A few posts above, Will is saying that 3x3 makes a heavier garment. whistle_blower, you appear to be describing a 4x4 that is lightweight. For a 4x4 to be lightweight I would think that it would need to be something like a 170's. Is this correct?


----------



## BeyondBespoke.com (Oct 8, 2008)

HISMES PARIS said:


> Does anyone know where to buy VBC? I'm looking to have a suit made, but want to bring my own cloth to the tailor.


Hello,

Most reputable tailors carry Vitale Barberis Canonico (VBC). It is a fabric distributed by a company called Gladson, Ltd in Secaucus, NJ. They won't do business with the general public, but they may be able to refer you to your closest fabric shop or closest tailor who buys VBC fabric from them. Good luck.

Nick Torres
Beyond Bespoke


----------



## whistle_blower71 (May 26, 2006)

sartorial_1 said:


> A few posts above, Will is saying that 3x3 makes a heavier garment. whistle_blower, you appear to be describing a 4x4 that is lightweight. For a 4x4 to be lightweight I would think that it would need to be something like a 170's. Is this correct?


It is a super 130s.

*W_B*


----------



## BeyondBespoke.com (Oct 8, 2008)

David A. said:


> I was hoping that the many experts on this site could tell me a little more about this fabric. There have been several mentions of VBC fabric on this site, but no substantive discussion.
> 
> From context, those references suggested that VBC is quite a decent fabric, since it is available for bespoke suits and several high end RTW lines. At the same time, JC Penney has incorporated it into their Stafford line.
> 
> ...


Hello,

Vitale Barberis Canonico is the largest mill in Italy. When fabric mills have excess cloth in a particular pattern or weight at the end run of its season, it is standard practice by nearly all fabric mills to deeply discount fabrics at cut throat prices to third parties to make room for new goods. That is why you may see the fabric in mass produced suits sold at discount stores.

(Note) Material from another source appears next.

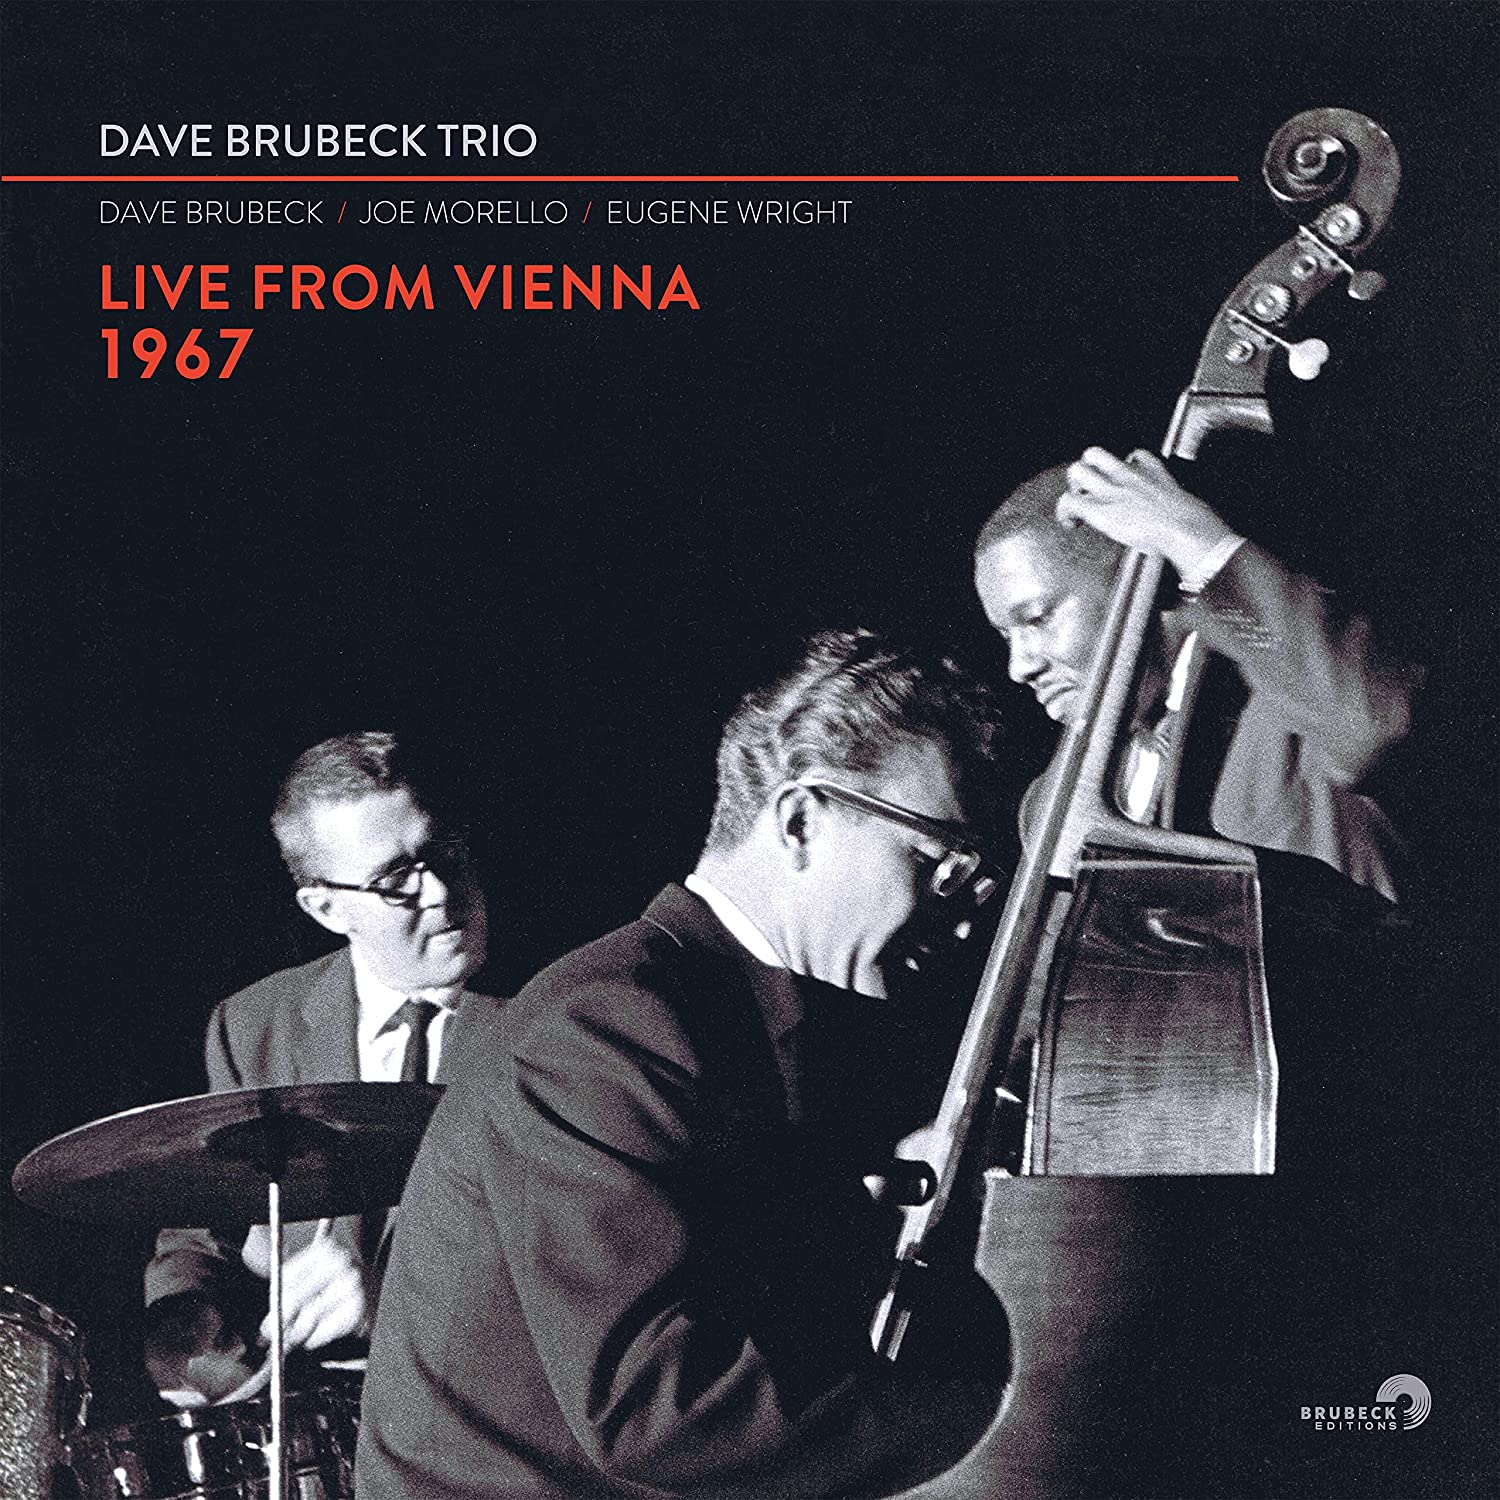 DAVE BRUBECK TRIO - Live From Vienna 1967

The Legacy III and Revenge III collection of VBC are the two benchmark fabrics I recommend in their collection.

Good Luck.

Nick Torres
Beyond Bespoke


----------



## whistle_blower71 (May 26, 2006)

What quality is in Legacy III?

*W_B*


----------



## sartorial_1 (Sep 21, 2008)

whistle_blower71 said:


> It is a super 130s.
> 
> *W_B*


OK - so 130's 4x4 should be very durable and not hold wrinkles too much. This material is described as lightweight - so is this 10-12 oz weight? If VBC is a very good value then this material appears to be a winner. What is your opinion?


----------



## Concordia (Sep 30, 2004)

whistle_blower71 said:


> It is a super 130s.
> 
> *W_B*


Scabal sells a 4x4 130s ("Quattro").

One and the same? No idea. I'm intrigued by the notion, however.


----------



## sartorial_1 (Sep 21, 2008)

Concordia said:


> Scabal sells a 4x4 130s ("Quattro").
> 
> One and the same? No idea. I'm intrigued by the notion, however.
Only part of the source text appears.